Below are entries with pictures among them; reproduce exactly, and only, the lines from the one containing "Illustration of the" down to the one containing "Courier service booking", without the pictures.

STORED DATA:
▽

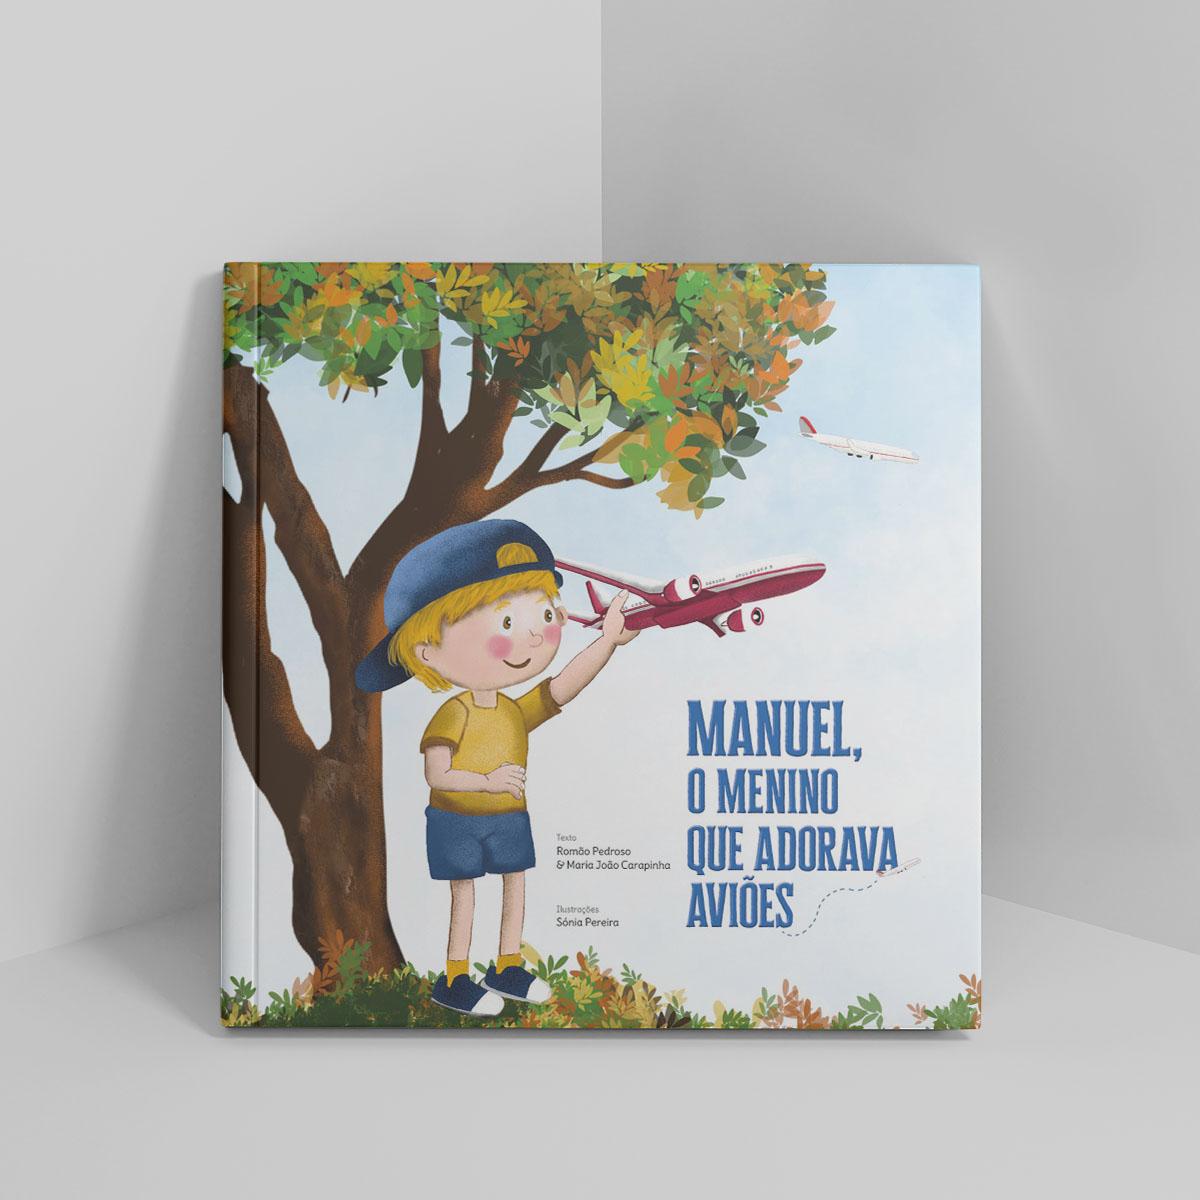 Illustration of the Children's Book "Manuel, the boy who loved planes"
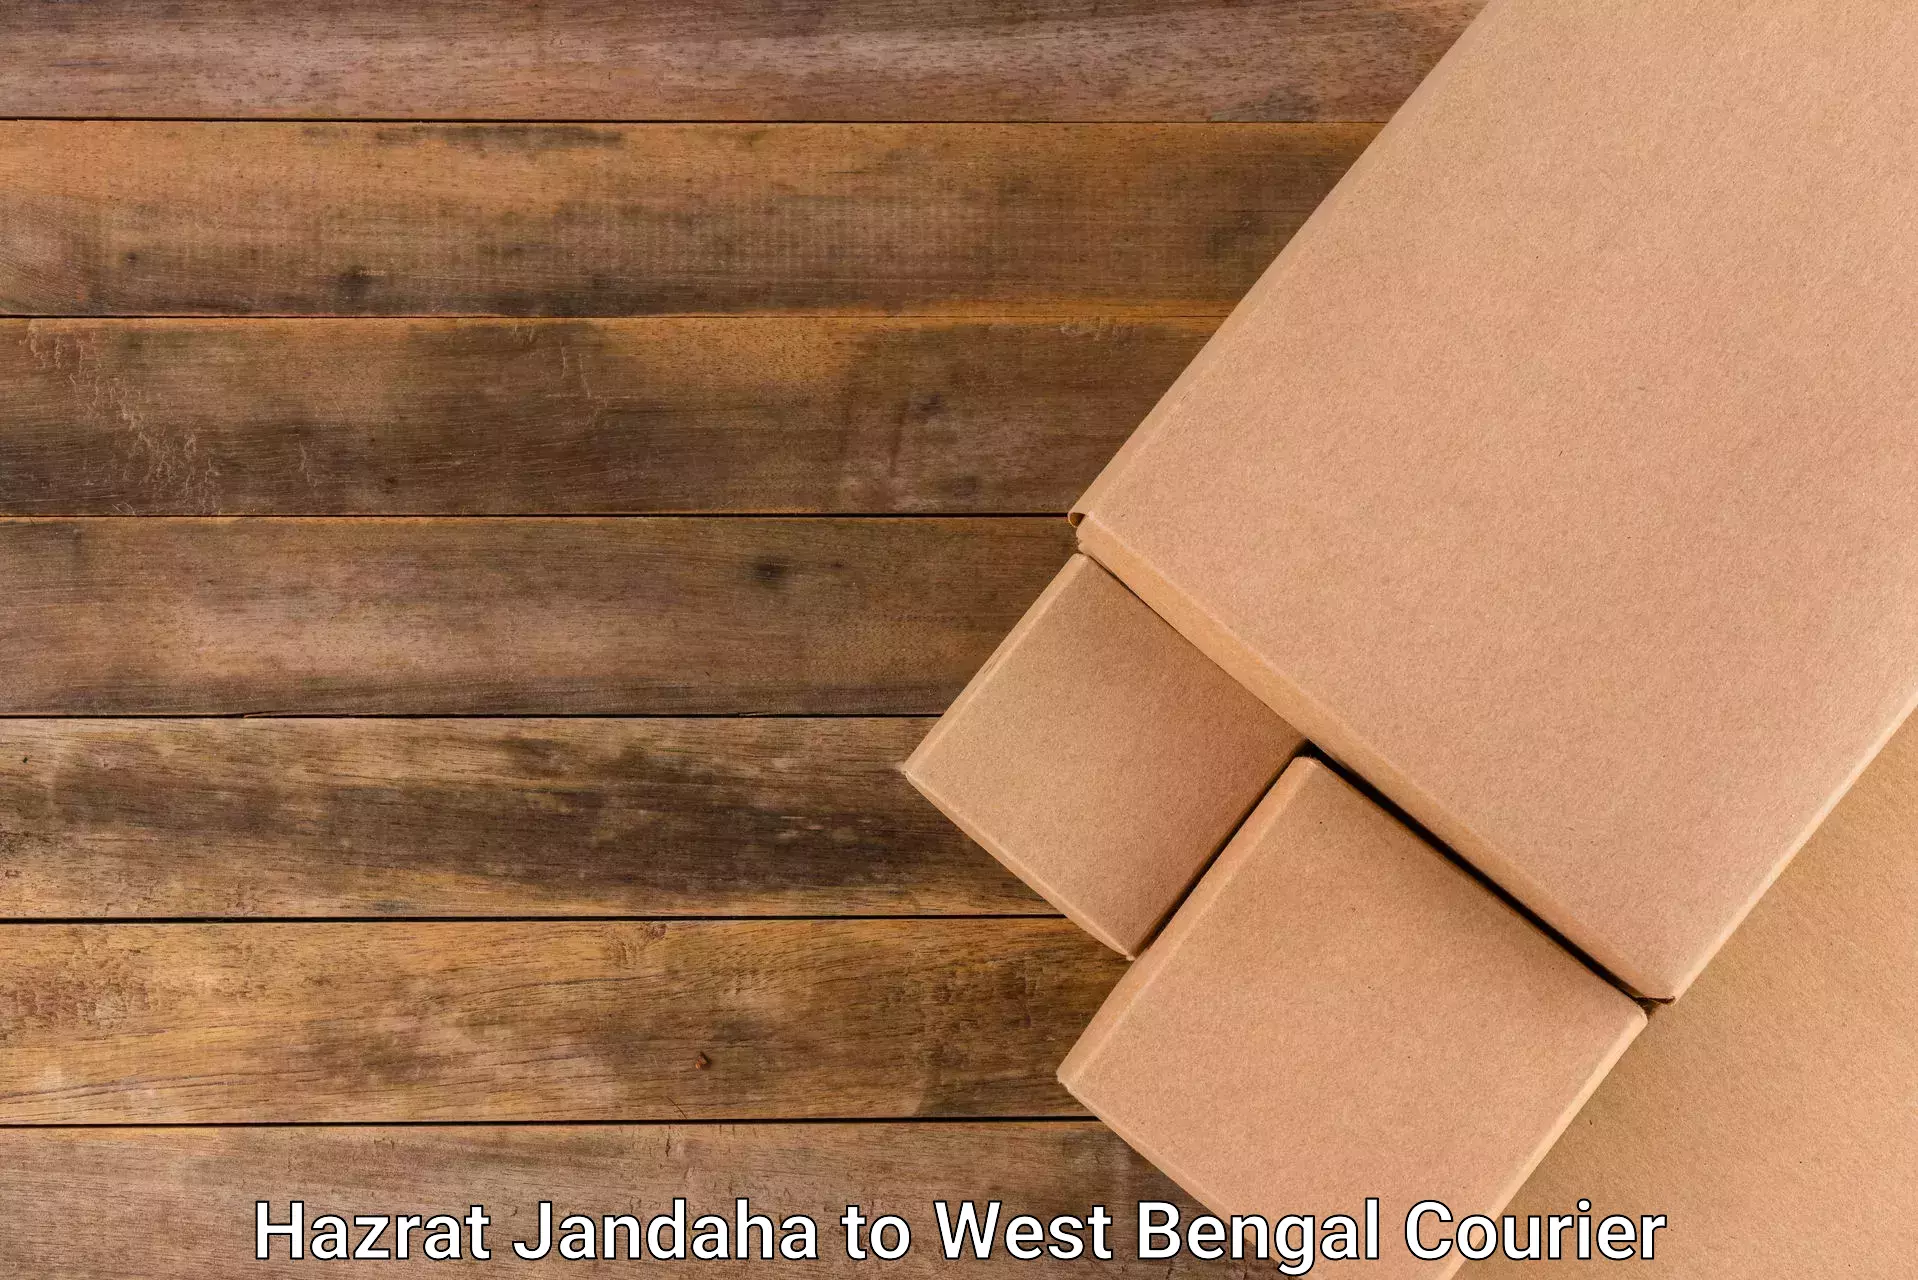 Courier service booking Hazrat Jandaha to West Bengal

△
▽

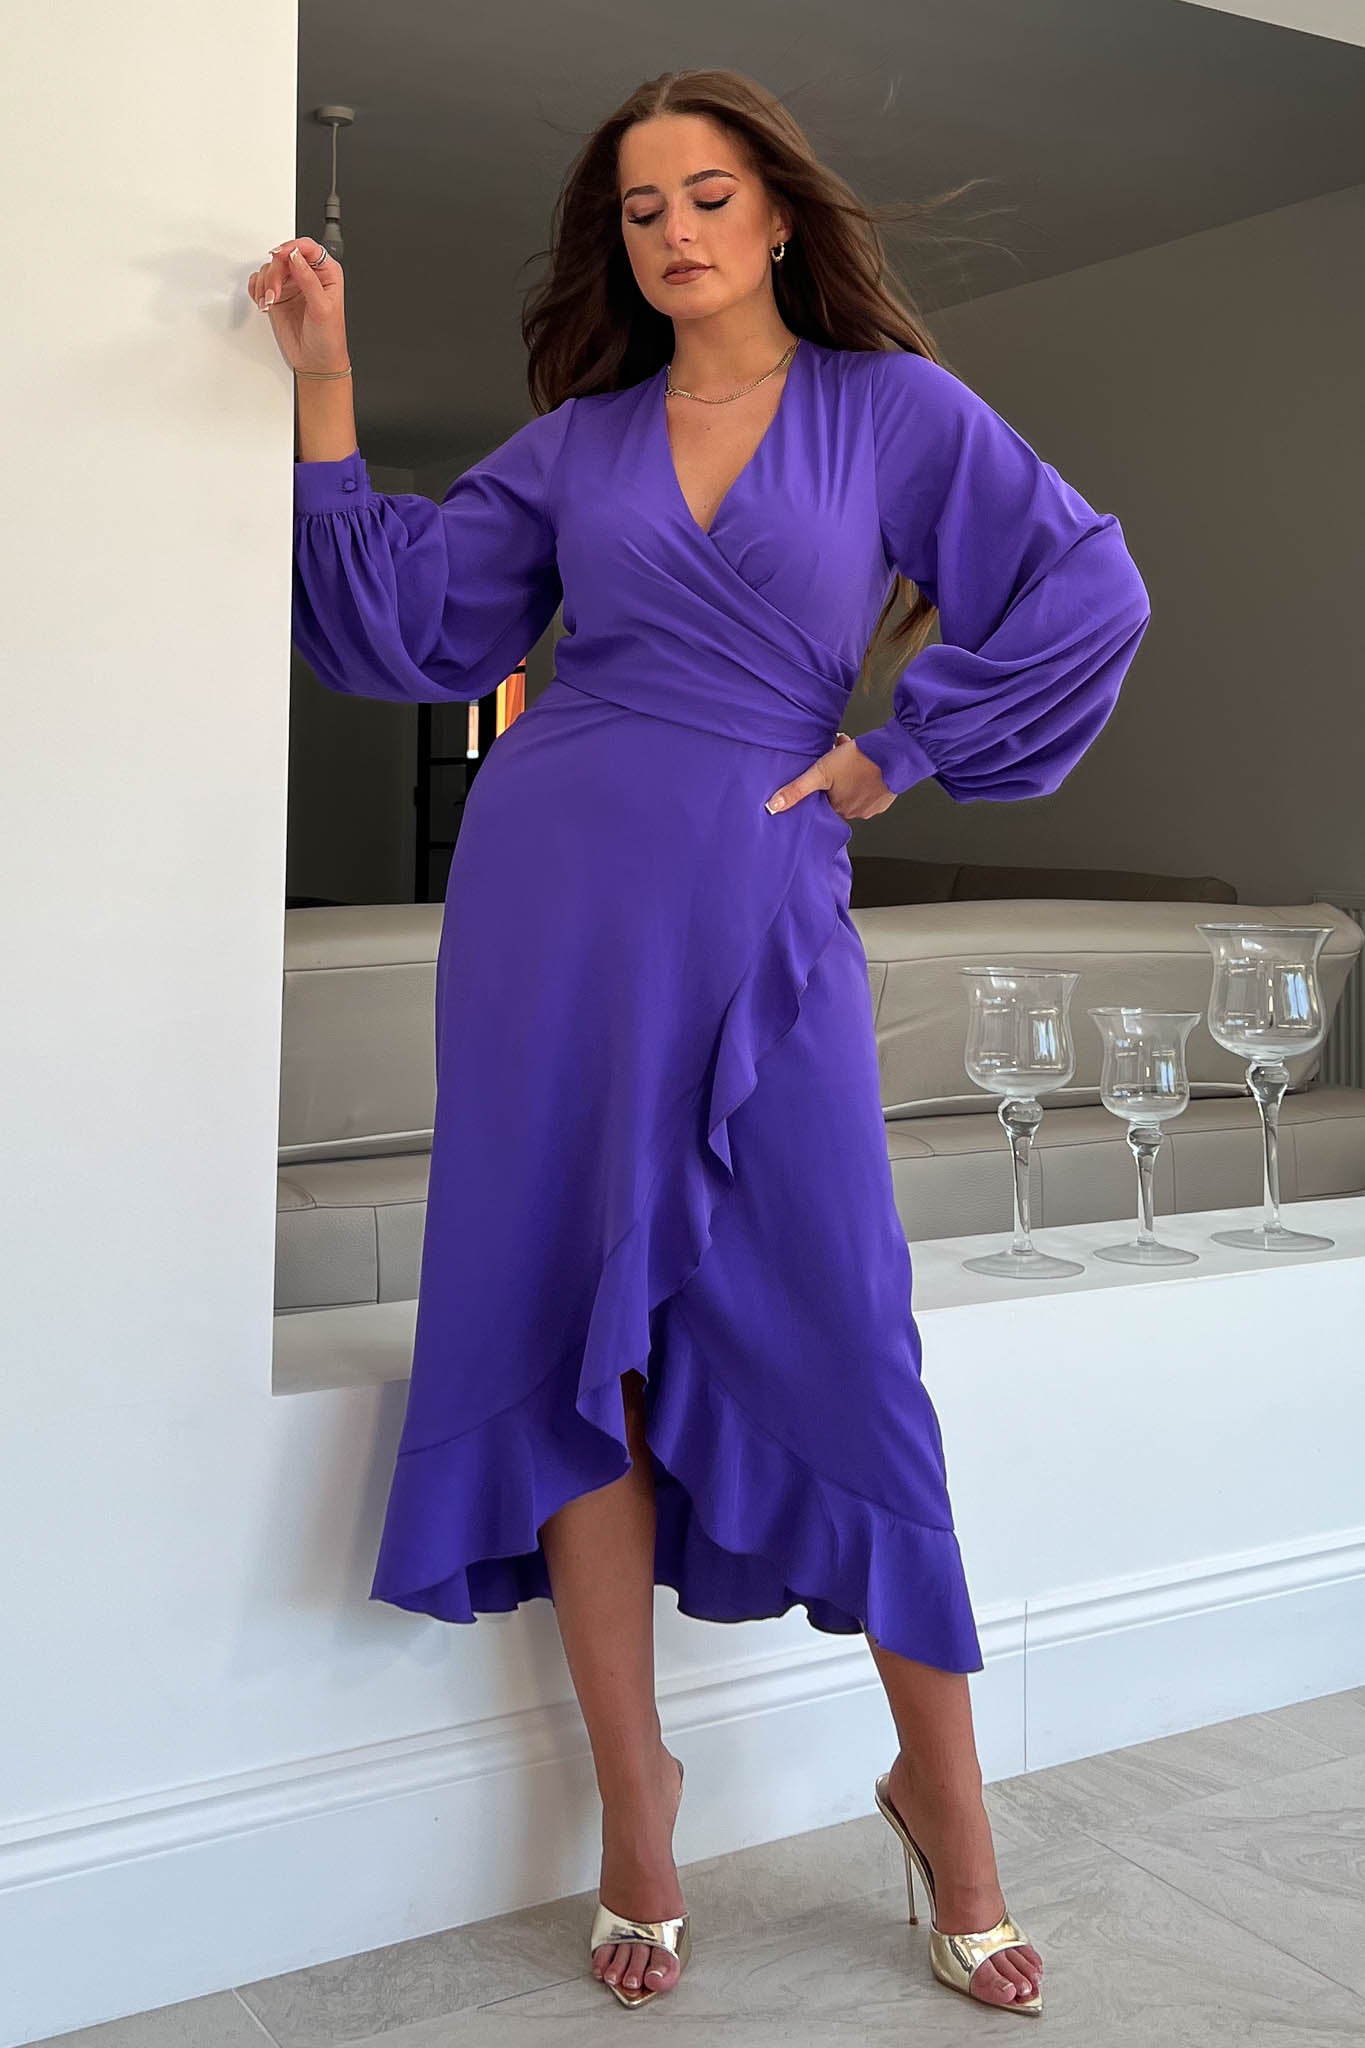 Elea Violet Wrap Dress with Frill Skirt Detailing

△
▽

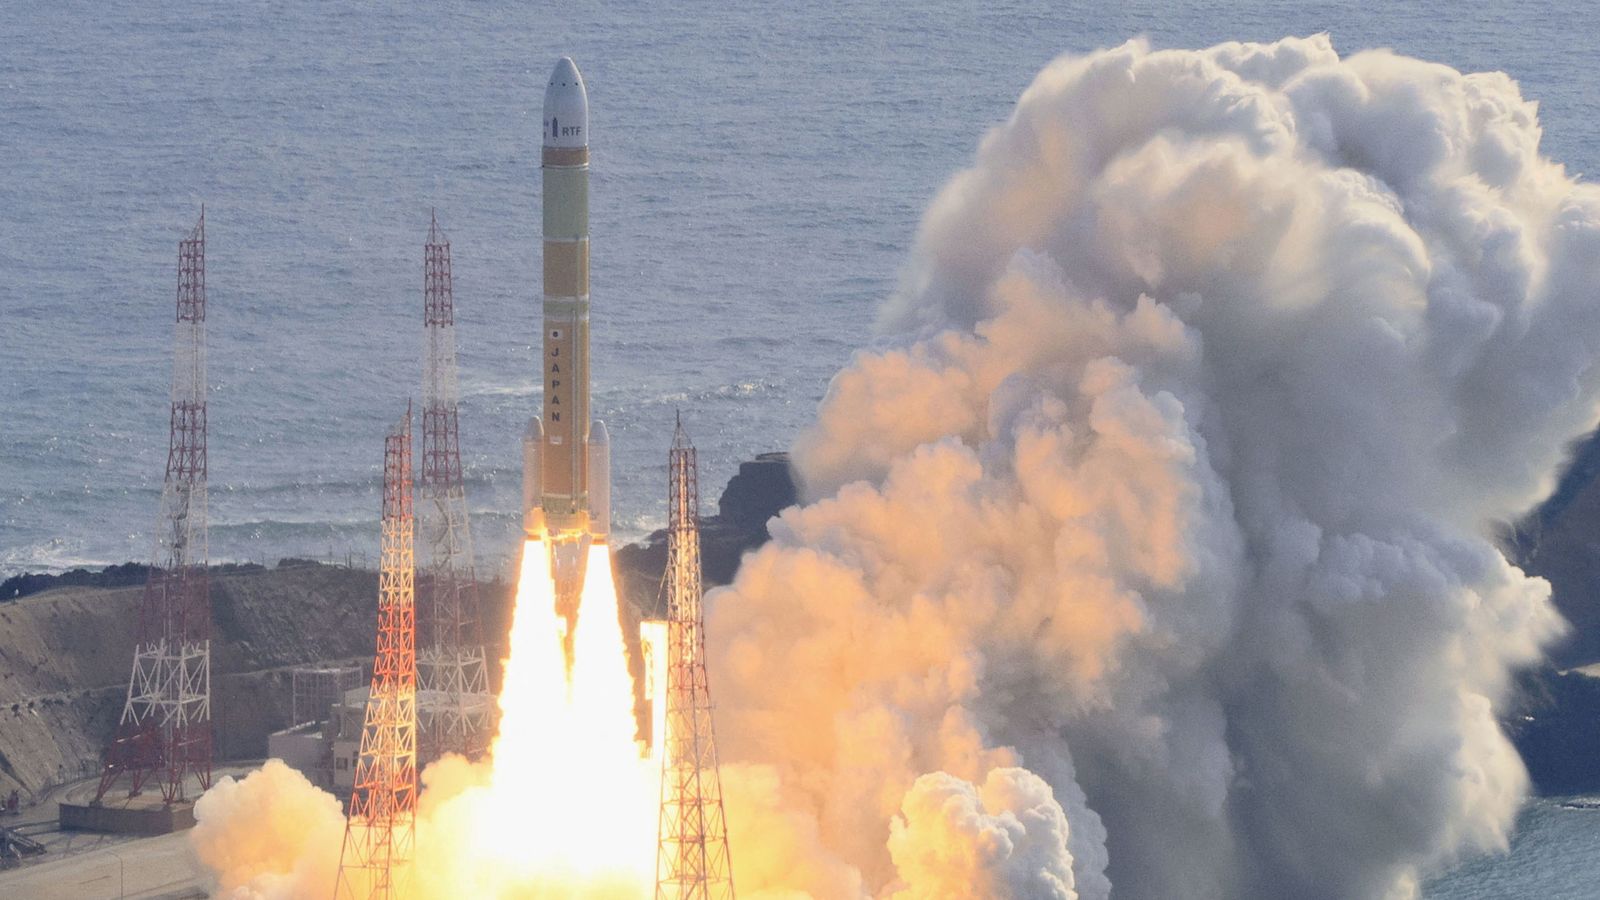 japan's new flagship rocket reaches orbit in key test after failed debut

△

RESULT BELOW:
 Illustration of the Children's Book "Manuel, the boy who loved planes"
 Courier service booking Hazrat Jandaha to West Bengal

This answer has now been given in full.